《东莱太史慈(全本)》第 18 部分

  功能 和 功能!才一进自己住着的园子的园门,便看到小貂蝉一蹦一跳地跑了过来,高兴道:“子义哥哥你可回来了,家里来了好多人。”
  太史慈原本担心小貂蝉还在生早上时的气,此时一见貂蝉的如花笑颜,放下心来,知道到底是小孩儿心性,转眼便忘了,哪还记得以前发生的事情?
  走过去拍了拍貂蝉的小脑袋瓜,爱怜道:“秀儿说清楚些,到底是谁来了?”
  貂蝉神秘一笑道:“自己不懂的看吗?人家告诉了你,还有什么新鲜感?”
  太史慈为之气结,心想这貂蝉还真是人小鬼大,摇头苦笑地往里走,他也只是随口一问,心中亦猜个八九不离十,一定是援军派来了。想想来的应该是廖化,现在也就是他最有闲:王豹与伊籍一文一武忙得脚打后脑勺,自是无法脱身,龙星更是不行,他这古代的“大法官”岂可离开东莱?
  杜远和李仙儿就更不用说了。
  不过这速度是否快了些,要知道自己可是昨晚才令徐盛派人手连夜出发去搬援兵的,怎么今天就到了。

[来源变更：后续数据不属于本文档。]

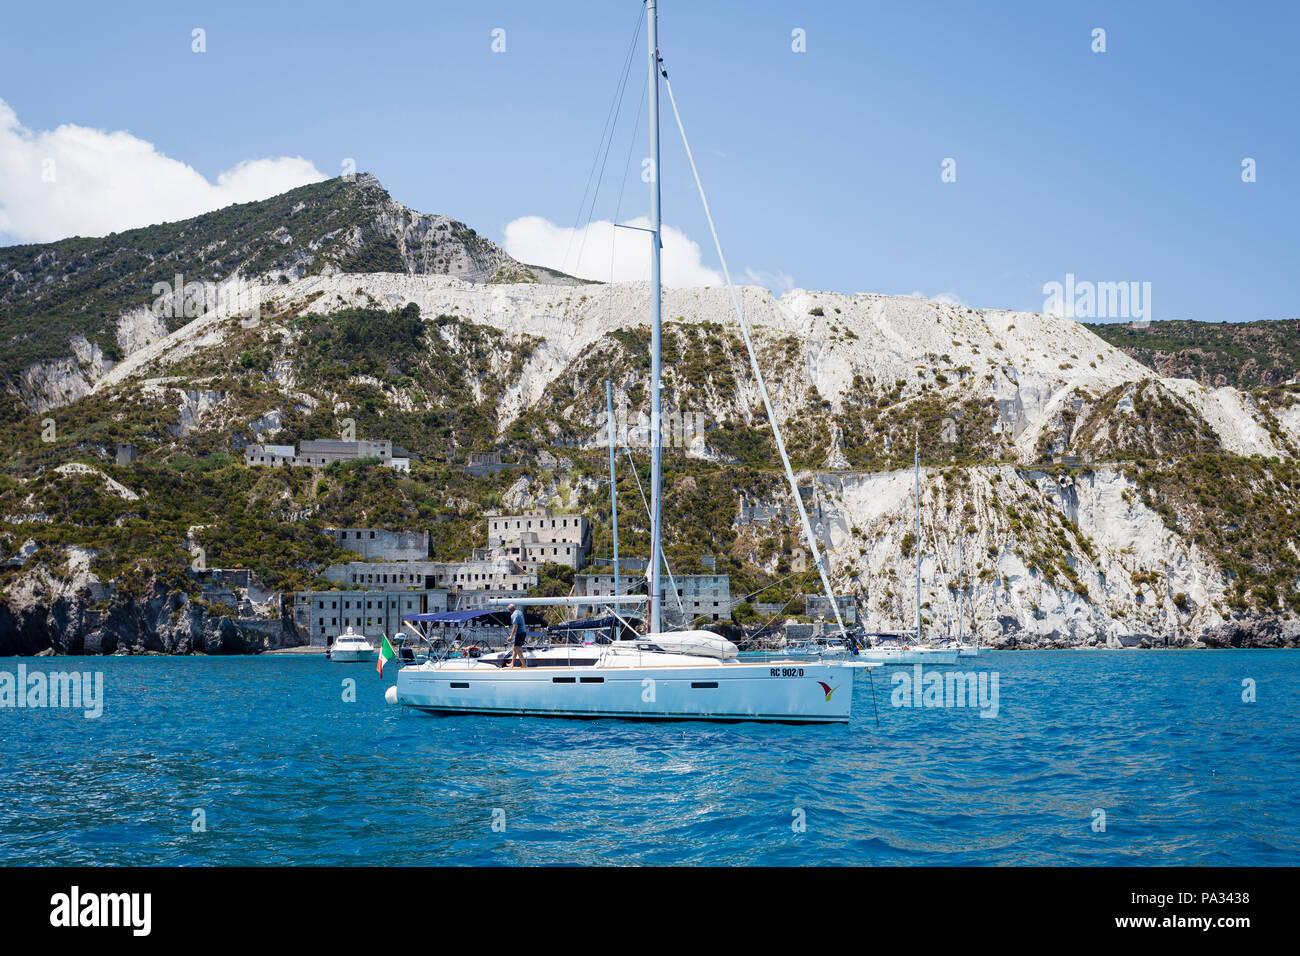 Barche ancorate nella parte anteriore delle cave di pomice (cave di pomice) sull'isola di Lipari, Isole Eolie, in Sicilia. Immagini Stock

  摇摇头,不去想它,心道如果来的是援兵,待一会亲自问问不就知道了。
  后面的貂蝉见太史慈往里走,一转秀目便紧紧地在后面跟着,此时任谁都看得出这小丫头愿意缠着太史慈。
  还未进屋,太史慈便听到了廖化爽朗地粗嗓门高声道:“文响还不知道杜远那小子?哭着喊着要来,结果被小师妹一瞪眼睛给吓了回去。”
  登时引得徐盛一阵狂笑,喘着气说道:“不行,元俭,你这回会去定要对杜远那小子说临淄这里美女如云,定可使他羡慕嫉妒地拿他的大头去撞墙……对了,最要紧处一定要说主上收了一个貌若天仙的貂蝉妹子……”

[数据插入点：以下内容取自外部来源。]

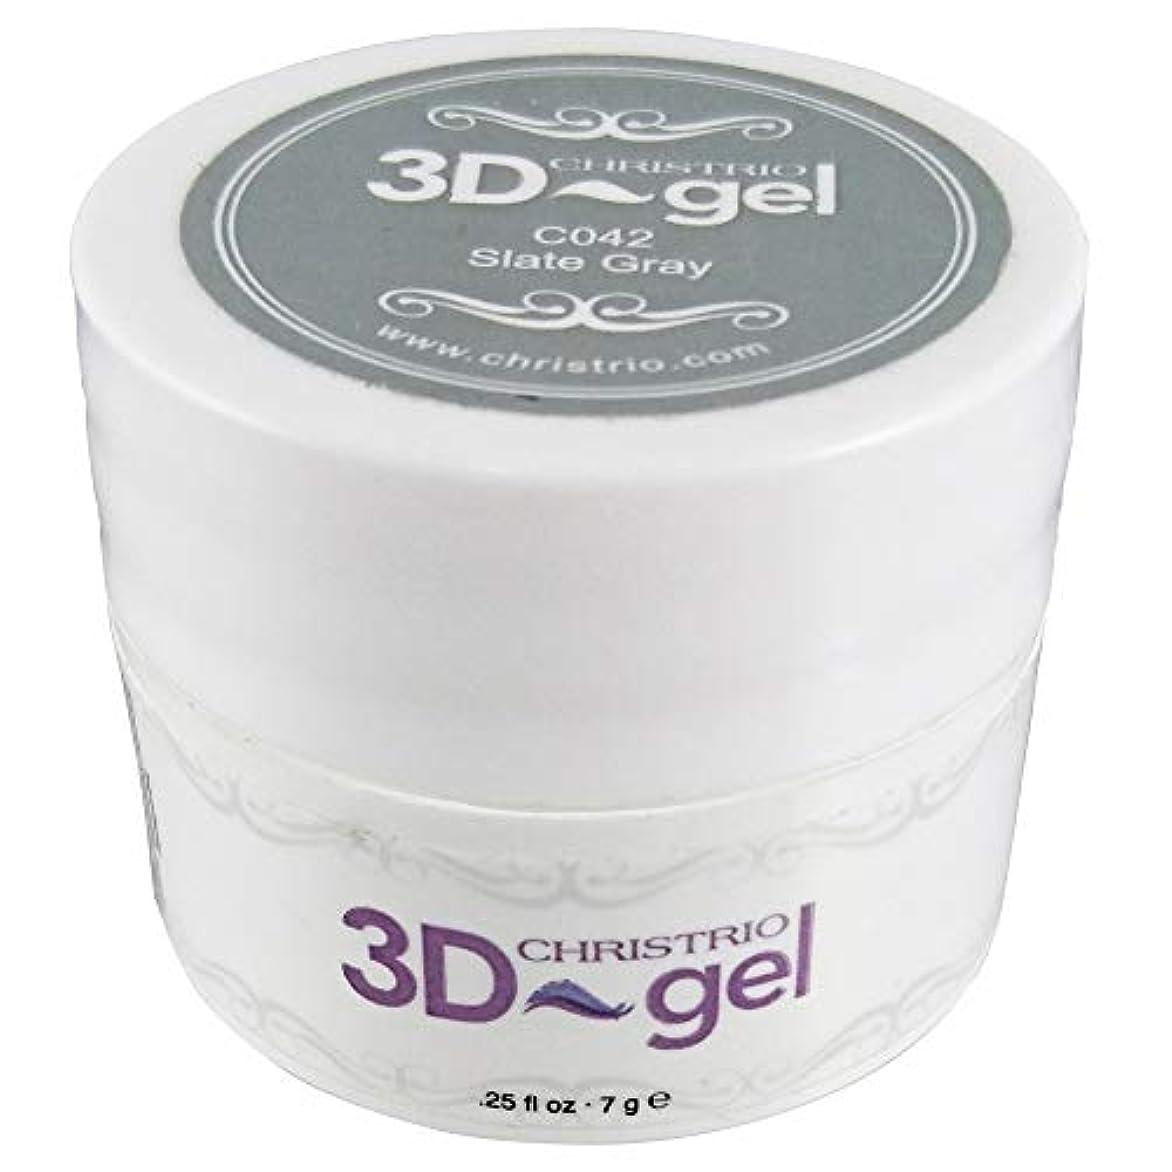 回転する騙す用心CHRISTRIO 3Dジェル 7g C042 スレートグレイ

  太史慈这才想起自己来临淄前杜远那小子猴儿急的样子,又想起了昨晚的场面,不由的哑然失笑:原来杜远这好色的小子是想要来临淄看参选月旦评的美女。
  在门外的貂蝉虽然不知道“杜远”和“小师妹”是何许人,但也猜得出所以然,此时听得直用如玉贝齿轻咬那嫣红的朱唇,轻啐了一口道:“文响哥哥不是好人。”

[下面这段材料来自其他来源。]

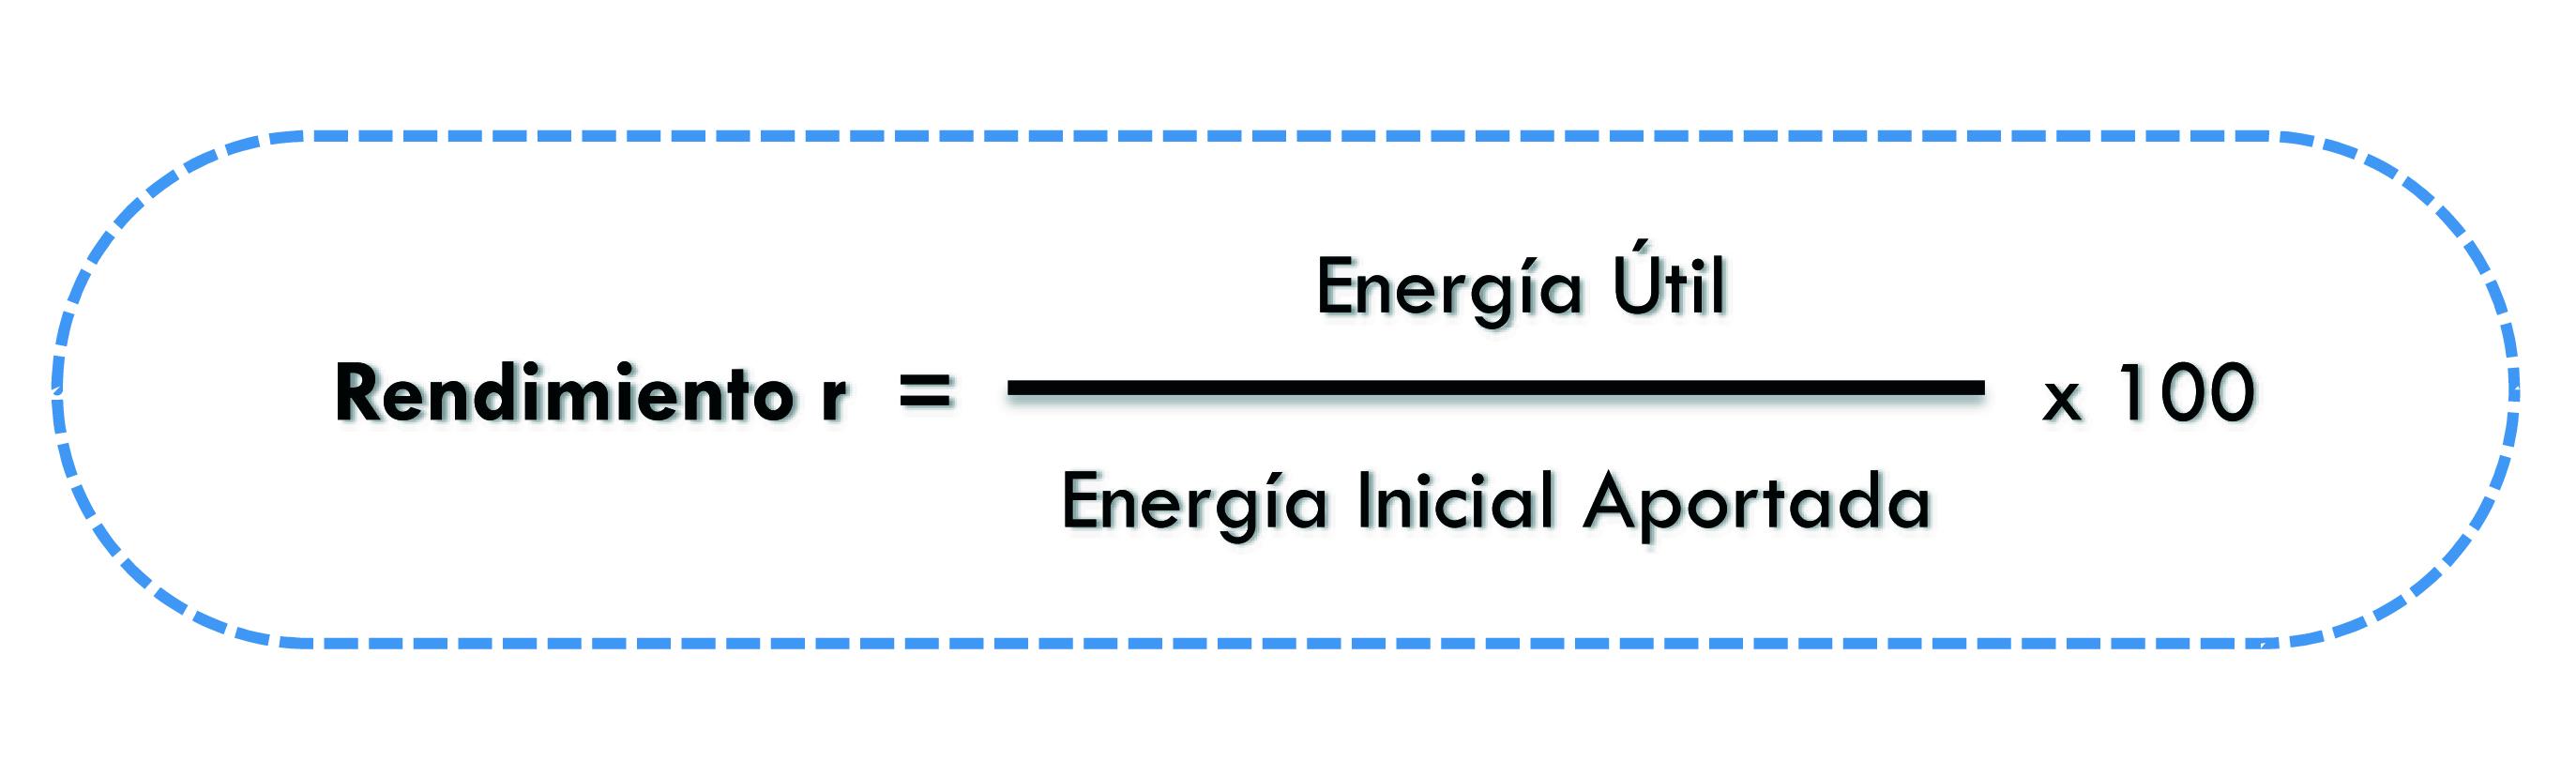 Recuerda conceptos básicos sobre energía, potencia y rendimiento

  太史慈亦怕徐盛再说出什么过分的话,连忙推门而入,故作漫不经心道:“是不是最好让元俭直接把秀儿带回去?”
  徐盛闻言,也不在意,本来与太史慈开玩笑惯了,正待胡言,却一眼看到去而复回的小貂蝉,登时张大了嘴巴,发不出声音,仿佛被人点了死x。样子说不出的滑稽。
  太史慈看他的样子险些笑出声来,正待开口,廖化却站起身来对他敬礼,被太史此一把拉住,点头道:“元俭辛苦你了。”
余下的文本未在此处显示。